THE first sound countless East Lancashire folk hear in the morning is the distinctive noise of a milk float trundling down the street and the clink of bottles on the doorstep.

But only the earliest risers get to see how the bottle of milk gets from the back of the float to the doorsteps.

Often, its via the hand of a school age youngster who earns valuable spending money by taking the milk from float to house in all weathers.

Now local authorities in East Lancashire have been told by the Euro bureaucrats to clarify their bylaws in the area of children at work.

The Children and Young Persons Act currently states that youngsters can be employed in the delivery of milk and newspapers between the hours of 7am and 8am.

But children are not supposed to work before 7am or after 7pm on weekdays and before 8am on Sundays.

The upshot of the latest move is that youngsters aged under 16 will be banned from delivering the doorstep pinta altogether.

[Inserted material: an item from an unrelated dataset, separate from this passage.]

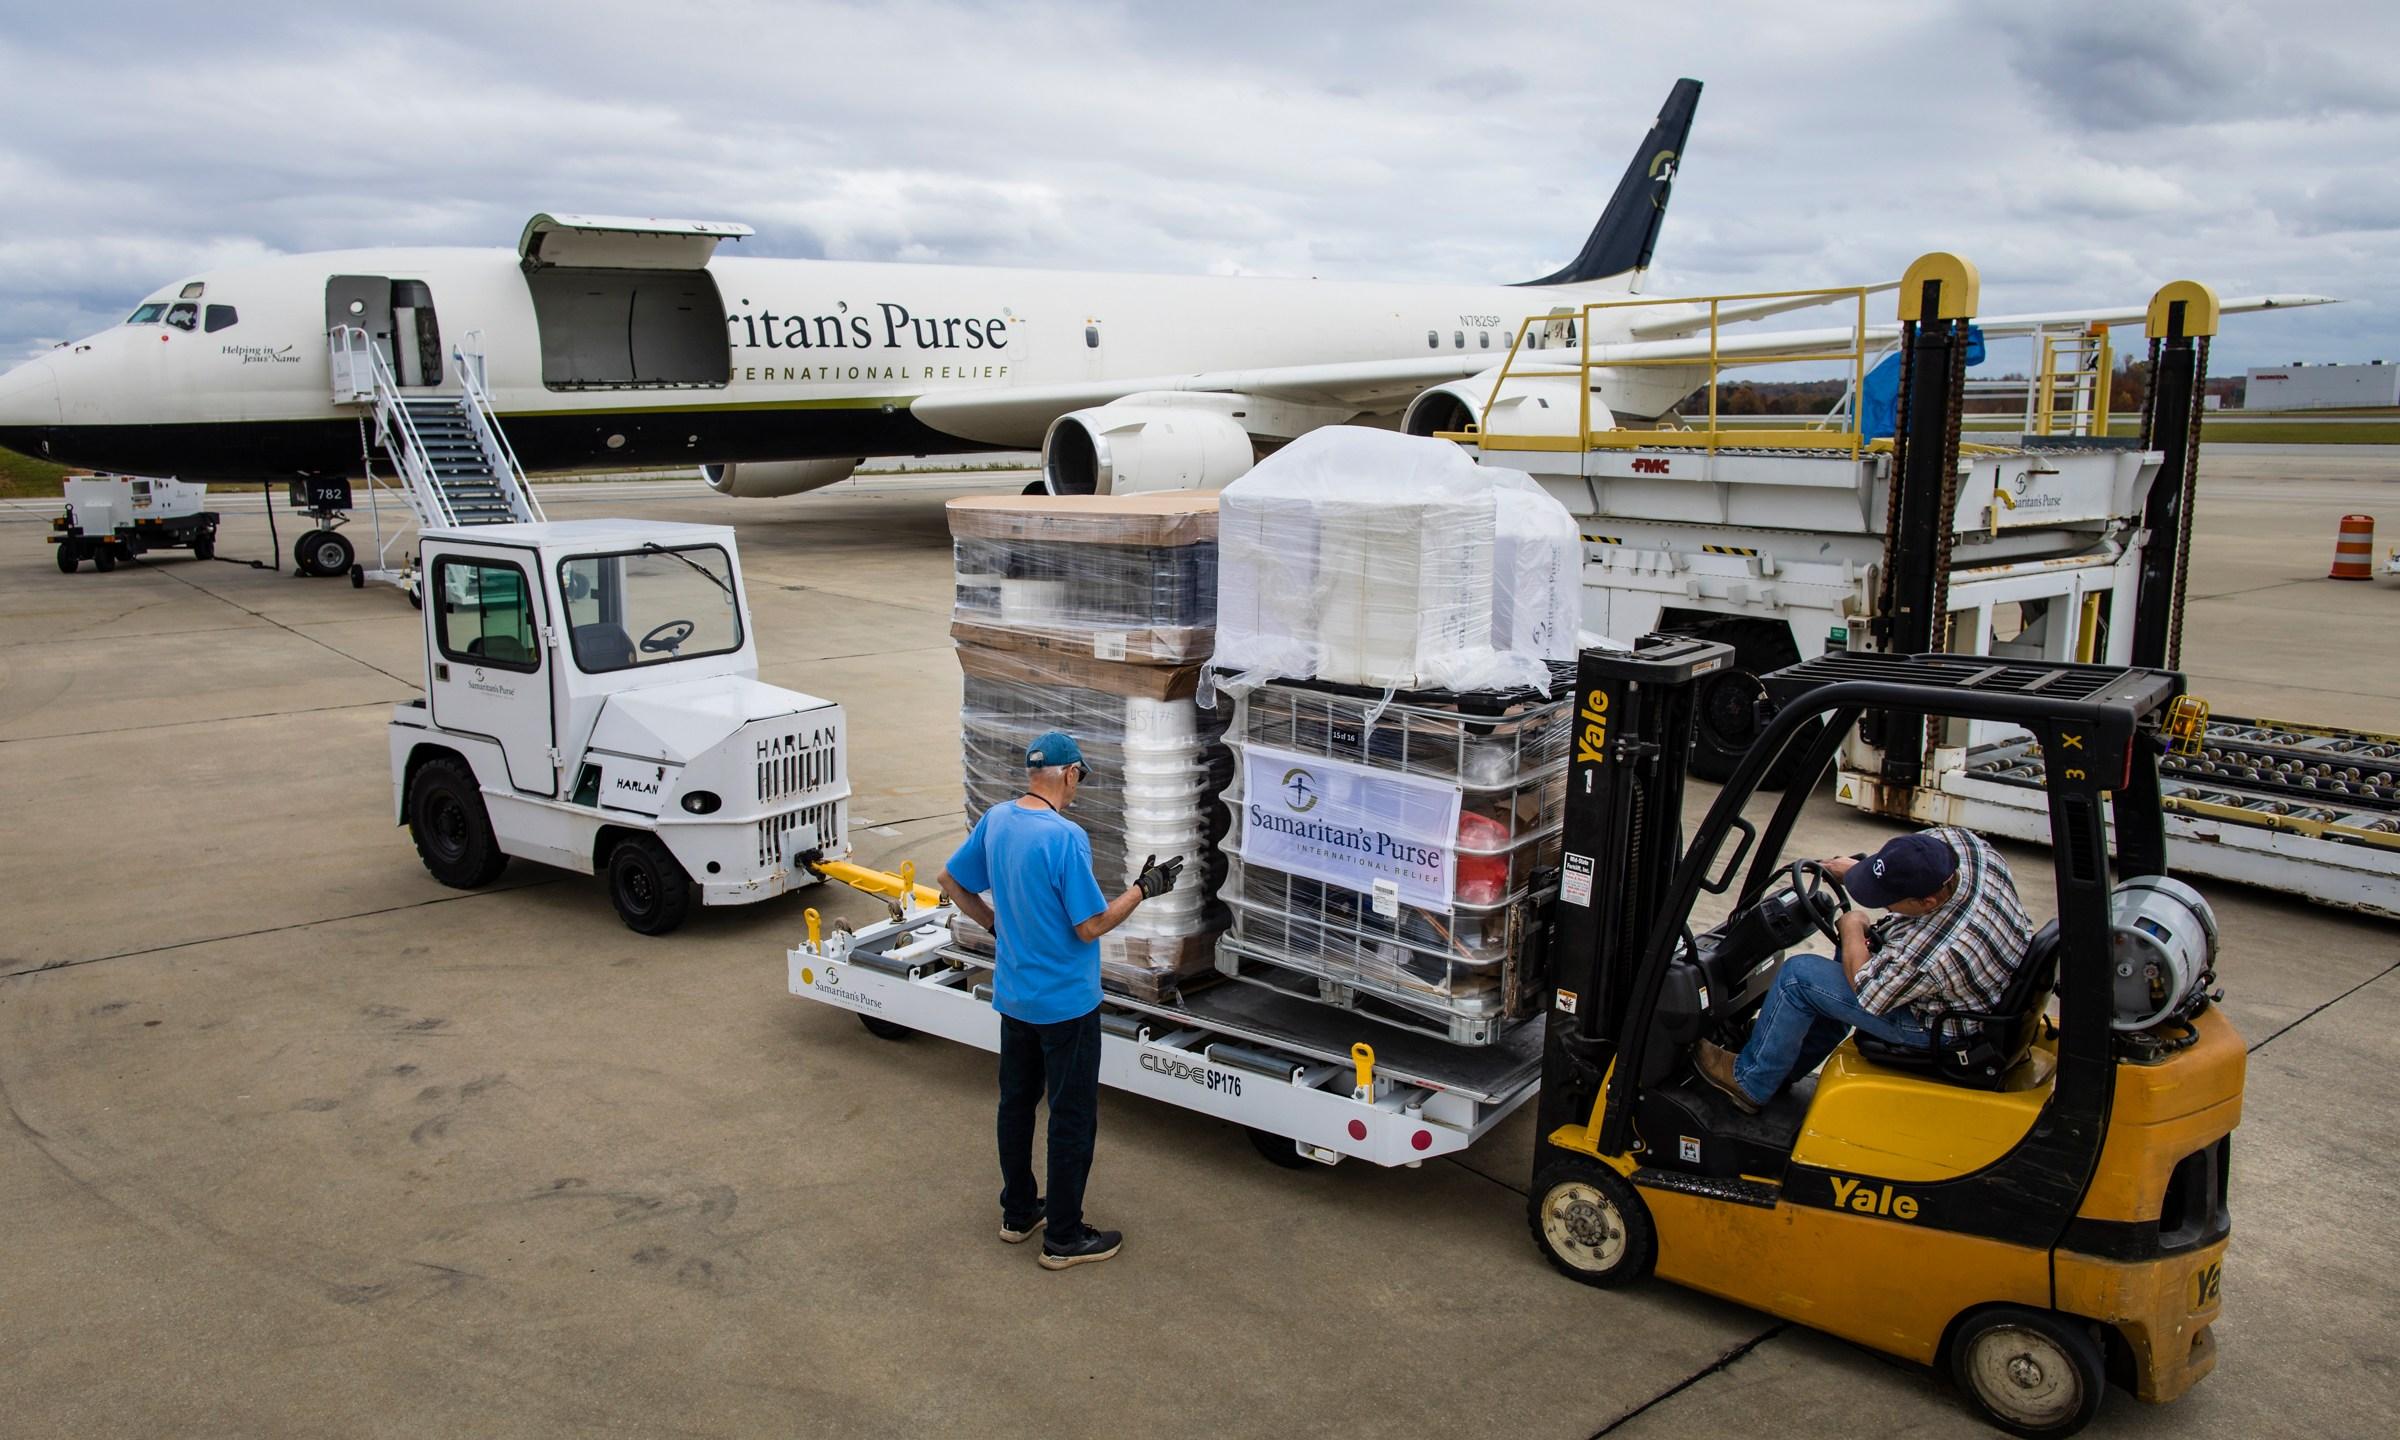 Boone-based Samaritan's Purse to fly to Honduras after Hurricane Eta left trail of destruction (Courtesy of Samaritan's Purse)

Milkmen across East Lancashire are vowing to fight the ban, which Lancashire County Council looks set to implement and which Blackburn with Darwen Council has already said it will introduce on September 1. Milkman Robin Spedding, of Henthorn Farm, Henthorn Road believes youngsters employed on milk rounds learned 'important life skills.'

He said: "Besides giving them pocket money, they gain experience of controlling their finances, learn commitment to employment, time-keeping, discipline, reliability, honesty and teamwork, all of which are important life skills.

"They learn to organise their lives around working practices instead of anti-social behaviour."

Mr Spedding, who has been involved in his family's milk firm for 45 years, said he employed several 'conscientious and industrious' young people on alternate days in the delivery of milk.

"Delivering milk is safer than delivering newspapers. Youngsters are supervised at all times and I have a waiting list of them wanting to work for me. Clitheroe milkmen feel strongly about this and we have the backing of parents."

He said the price of a doorstep pinta was unlikely to increase due to the new ruling.

"If we are forced to employ adults our overheads will go up, but the price of a doorstep pinta is unlikely to increase. We are already competing with supermarkets and can't put our prices up. But that's not really our main concern.

"This ruling will rob youngsters of secure, worthwhile employment, which they invariably undertake with the blessing of their parents. We think that's wrong," he added.

Clitheroe Mayor John McGowan, described the new ruling as 'absolutely crazy' and has blasted 'faceless bureaucrats' for "yet another attack on the rural way of life."

"This ruling affects the whole of Lancashire, but particularly rural areas, including the Ribble Valley. To compare doorstep milk delivery with fairgrounds and nightclubs is ludicrous.

"I don't think this bylaw has been thought through properly. It has been pushed through the back door and it's time for country folk to make another song and dance," he said.

Harrison's Dairy, in Beresford Road, Blackburn, is already planning to work without the 15-year-olds employed on its milk rounds. Janet Harrison said: "We'll just have to try and take on 17 and 18-year-old college kids. But we are not happy about it. It's stupid."

Independent milk deliverer Mark Folley, of Higham, who has two rounds with Scott Bamber, of Burnley, said: "It is going to affect me because I have two lads under 16 who I won't be able to employ. I struggle to get anyone over 16 because at that age they can be working a 40-hour week and they want to do that rather than get up early to deliver milk.

"I can understand the ruling for nightclubs and slaughterhouses, but delivering milk is a lot different. I don't think there is anything I can do about it."

A spokesman for Waterford Dairies, in Darnley Street, Burnley, said: "We knew this was coming in because we have outlets in Trafford and that council has already introduced the bylaw, so we do not employ anyone under 16."